Task requirements: Copy out all of the lines below exactly; the pictures do not belong in the copy.

Data segment:
══════════════════════════════

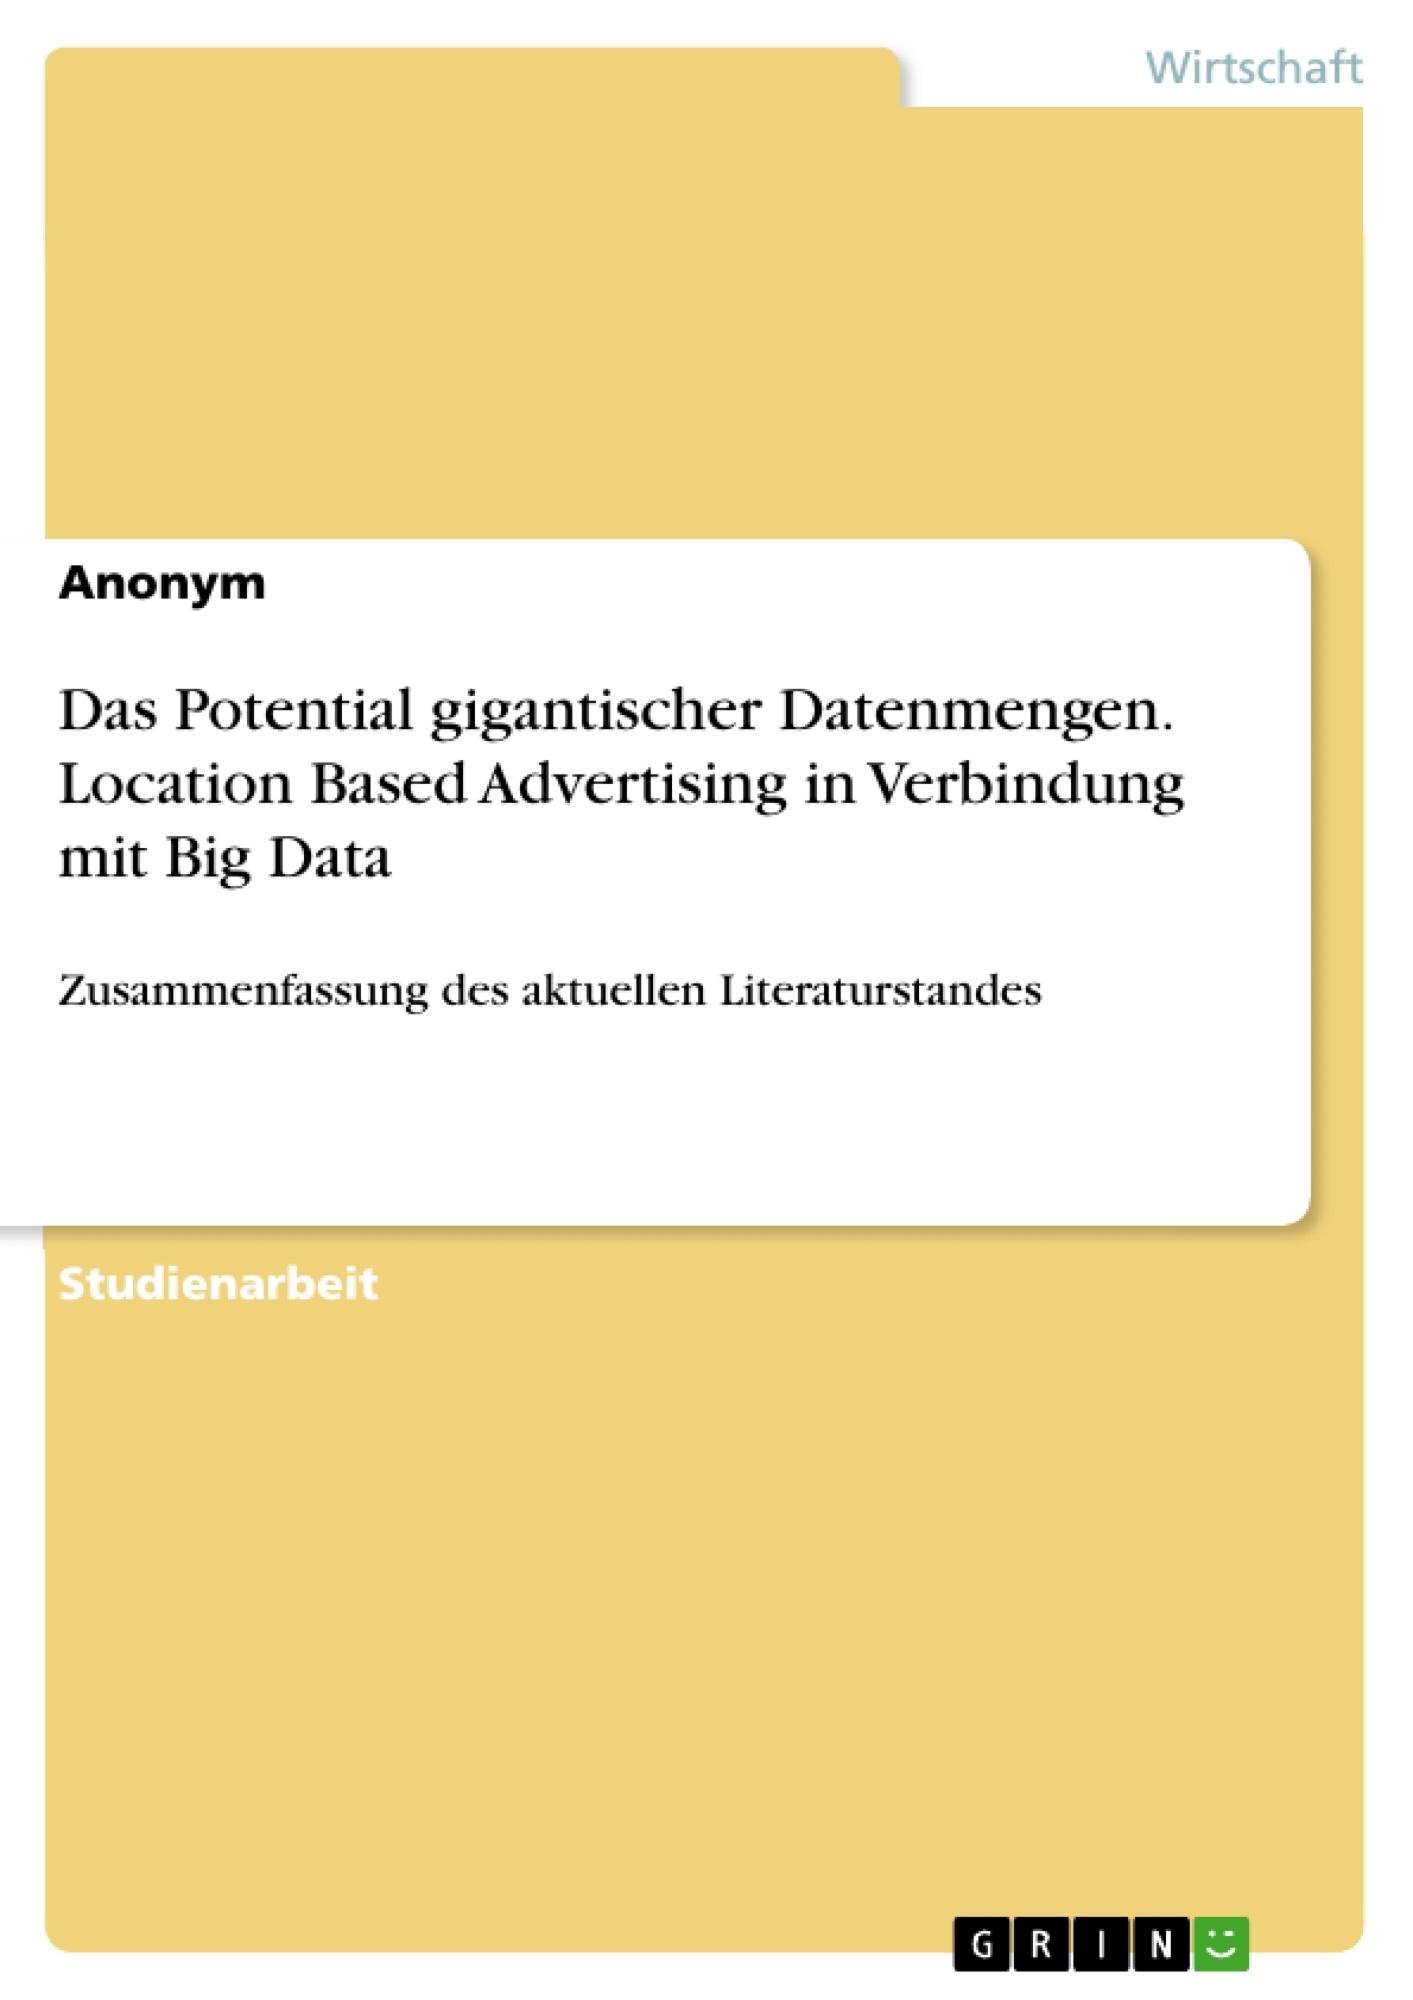 Titel: Das Potential gigantischer Datenmengen. Location Based Advertising in Verbindung mit Big Data
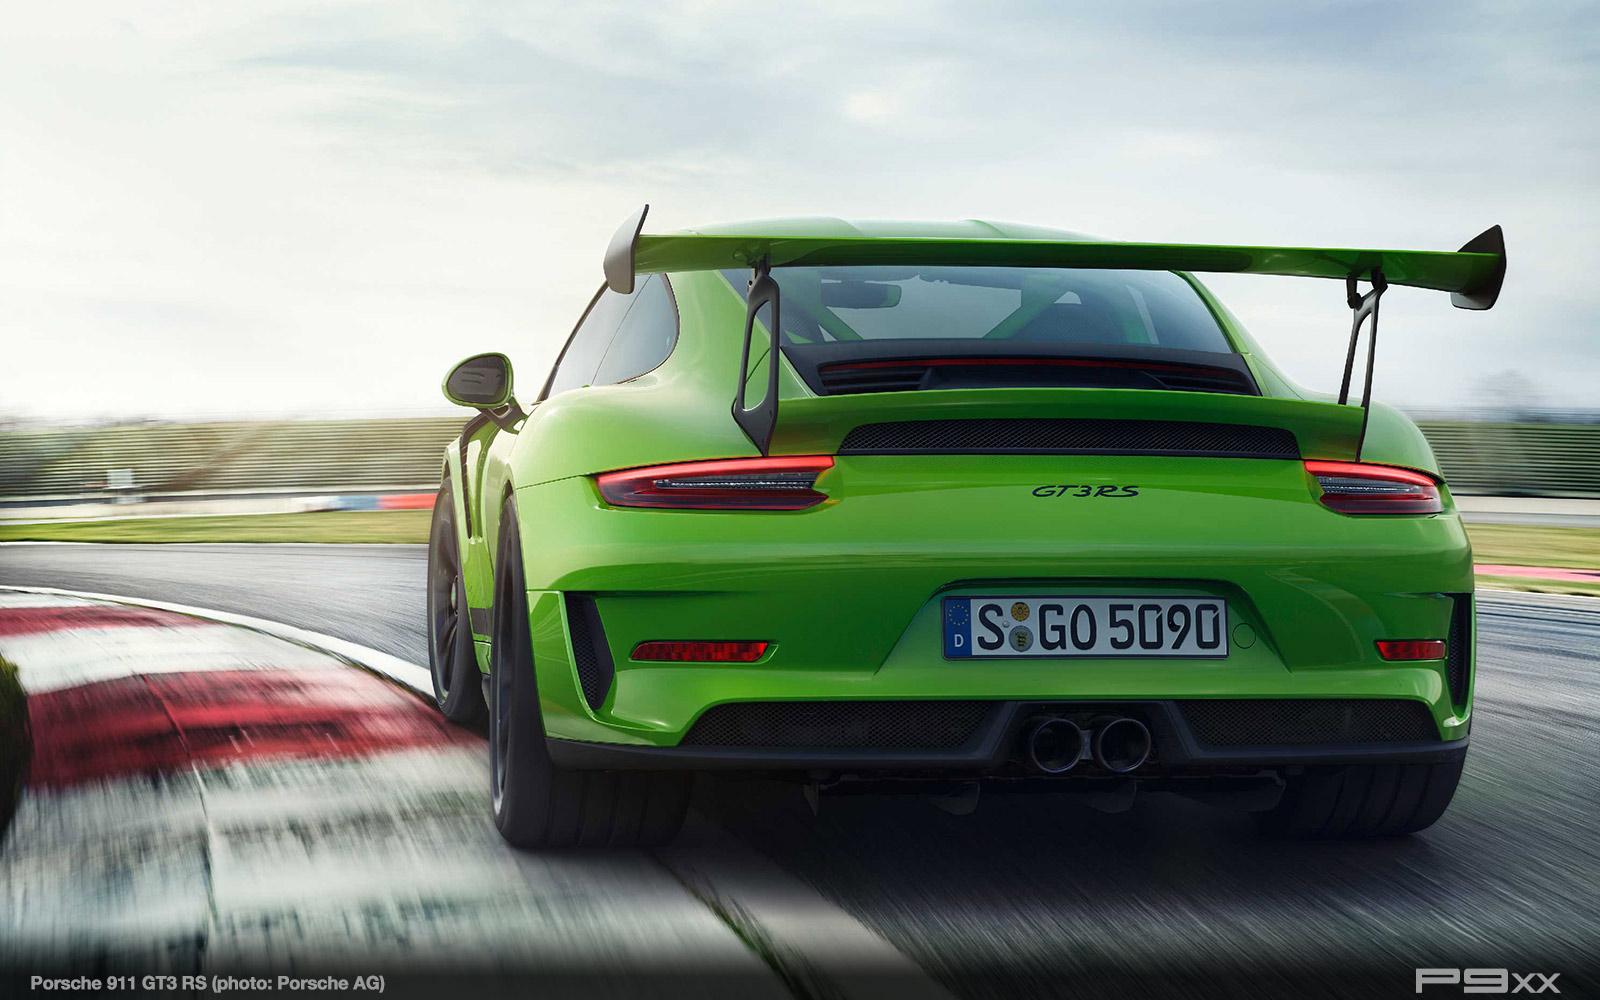 Porsche-911-GT3-RS-991-2-9912-281
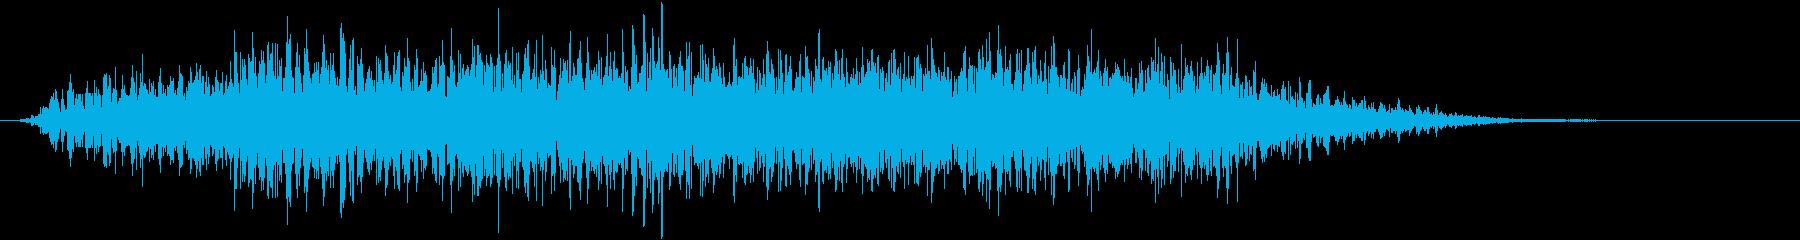 悪魔・怪物の不気味な声の再生済みの波形

══════════════════════════════

Exercise answer:
 Titel: Das Potential gigantischer Datenmengen. Location Based Advertising in Verbindung mit Big Data
 Porsche-911-GT3-RS-991-2-9912-281
 悪魔・怪物の不気味な声の再生済みの波形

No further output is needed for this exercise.